Jaime, released back to himself, exhaled sharply. "Double the patrols. Seal the blind spots along the gates. Enlist anyone willing, we'll need every hand."

But Elena… Elena did not stay still. Her violet gaze burned through them all.

"Enough," she said, her voice low but taut as a bowstring. "I can feel it already- this place is a cage."

"After the wedding, the Matteo's will leave the Sanctuary."

Protests broke like thunderclaps around her. The elders surged to their feet, hands waving, voices rising.

Elena snapped.

The air grew heavy. A rainstorm unfurled inside the cathedral, drops cascading in silver sheets from the rafters. Lightning cracked between her hands.

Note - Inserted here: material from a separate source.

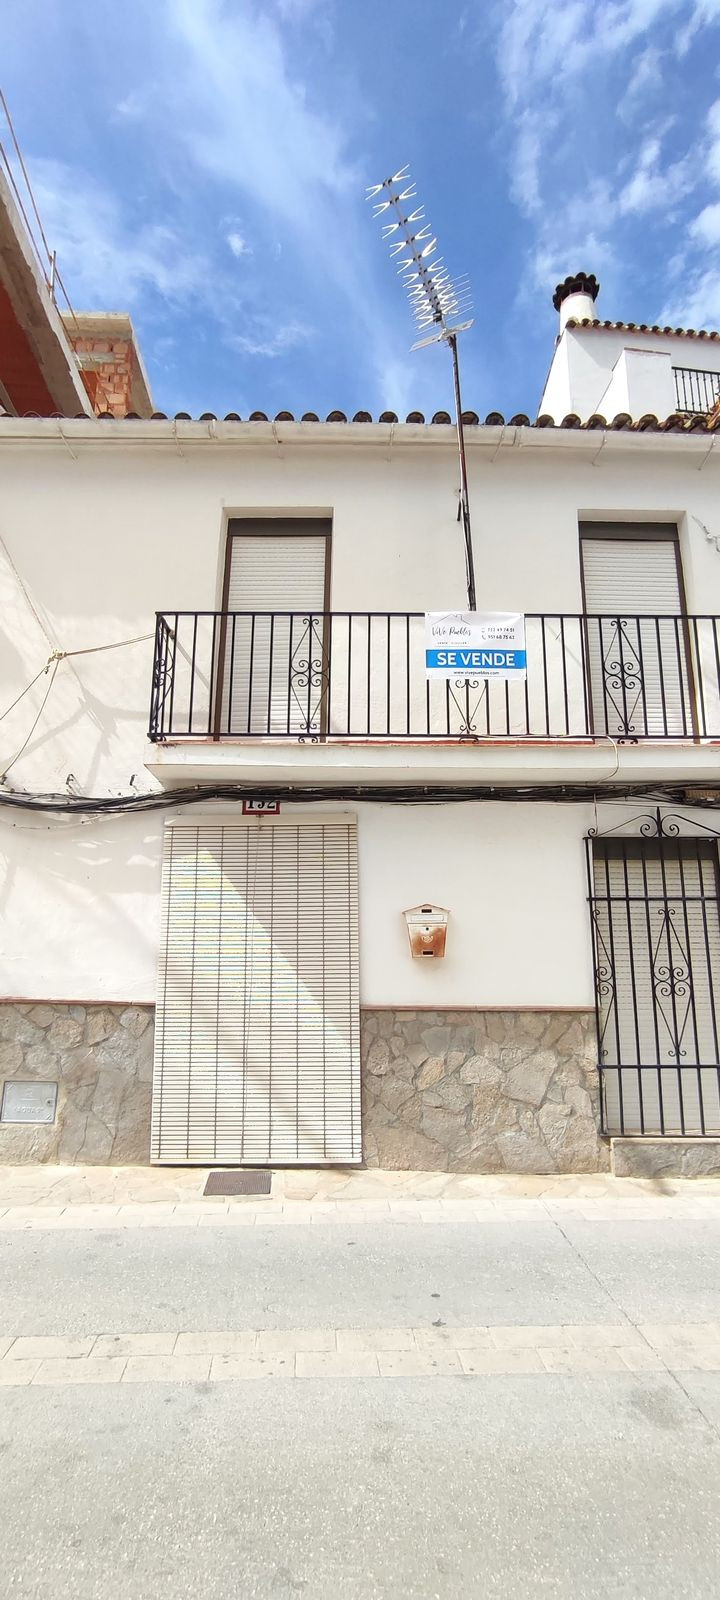 						Townhouse  Semi Detached
													for sale 
																			 in Gaucín

The elders gasped as water poured down around them, soaking robes and parchment alike.

And then- silence.

Every drop froze midair, suspended in the vast hush. Rain hung like a jeweled net above their bowed heads. Elena's glowing gaze swept across them, indigo lightning flashing like veins of a living storm.

"Be grateful," she said coldly, "that we are agreeing to this wedding at all."

With a sweep of her hand, the rain fell again, drenching the chamber in a rush of wet stone and thunderous silence. Without another word, she turned on her heel and stormed out. Jaime followed, his ocean eyes still faintly aglow.

Juan and Esperanza exchanged a look, half fury, half fear, before they too departed, leaving the elders shivering in the downpour they could not stop.

But beyond the cathedral doors, the Sanctuary had not slept through the commotion. The bells and the storm had woken them. Families stood barefoot in the square, coats pulled tight, their children clutching at their hems. They had heard the voices within, had seen lightning flash through stained glass.

When Elena and Jaime emerged, drenched but unbowed, a hush spread through the gathered crowd. No one moved. No one dared speak. Mothers crossed their children's foreheads. Old men dropped to one knee. Some wept openly, whispering prayers to gods they no longer trusted.

"Stormborn," someone murmured. "Sea-marked."

Another voice, shaking, whispered what everyone else was thinking:

"If they are gods now… what does that make us?"

The question hung over them, heavier than the storm itself, as the four chosen walked into the dark and left the people staring after them- afraid, worshipful, uncertain which feeling would devour the other first.